[[ SUPPLIED ENTRIES, beginning ]]
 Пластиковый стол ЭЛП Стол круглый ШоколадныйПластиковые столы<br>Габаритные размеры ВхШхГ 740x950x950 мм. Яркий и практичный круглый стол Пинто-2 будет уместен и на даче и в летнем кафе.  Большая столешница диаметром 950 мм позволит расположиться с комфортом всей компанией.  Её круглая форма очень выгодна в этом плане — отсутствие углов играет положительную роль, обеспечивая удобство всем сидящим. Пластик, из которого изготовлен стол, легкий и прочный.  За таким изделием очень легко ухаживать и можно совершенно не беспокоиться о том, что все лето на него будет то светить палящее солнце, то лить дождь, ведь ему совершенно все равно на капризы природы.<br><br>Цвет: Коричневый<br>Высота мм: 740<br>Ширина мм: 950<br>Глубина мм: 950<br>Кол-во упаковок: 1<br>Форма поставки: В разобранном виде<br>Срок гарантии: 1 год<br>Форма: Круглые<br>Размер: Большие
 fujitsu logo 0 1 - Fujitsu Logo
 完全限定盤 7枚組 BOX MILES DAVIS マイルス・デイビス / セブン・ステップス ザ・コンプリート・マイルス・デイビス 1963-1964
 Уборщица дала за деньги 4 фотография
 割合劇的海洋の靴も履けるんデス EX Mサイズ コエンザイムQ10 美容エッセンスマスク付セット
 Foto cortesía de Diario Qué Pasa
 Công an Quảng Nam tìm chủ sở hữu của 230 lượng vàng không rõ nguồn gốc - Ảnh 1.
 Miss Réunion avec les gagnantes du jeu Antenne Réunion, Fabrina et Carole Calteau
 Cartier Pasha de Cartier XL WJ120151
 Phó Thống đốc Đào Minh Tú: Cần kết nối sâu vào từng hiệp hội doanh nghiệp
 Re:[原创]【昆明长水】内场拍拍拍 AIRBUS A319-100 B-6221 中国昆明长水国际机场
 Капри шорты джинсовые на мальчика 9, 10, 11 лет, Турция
[[ SUPPLIED ENTRIES, end ]]
_THE TASK_
Starting at the line that contains "Miss Réunion avec", print every line through the end of the listing, word for word. Leave out all the rest.

_SOLVED EXERCISE_
 Miss Réunion avec les gagnantes du jeu Antenne Réunion, Fabrina et Carole Calteau
 Cartier Pasha de Cartier XL WJ120151
 Phó Thống đốc Đào Minh Tú: Cần kết nối sâu vào từng hiệp hội doanh nghiệp
 Re:[原创]【昆明长水】内场拍拍拍 AIRBUS A319-100 B-6221 中国昆明长水国际机场
 Капри шорты джинсовые на мальчика 9, 10, 11 лет, Турция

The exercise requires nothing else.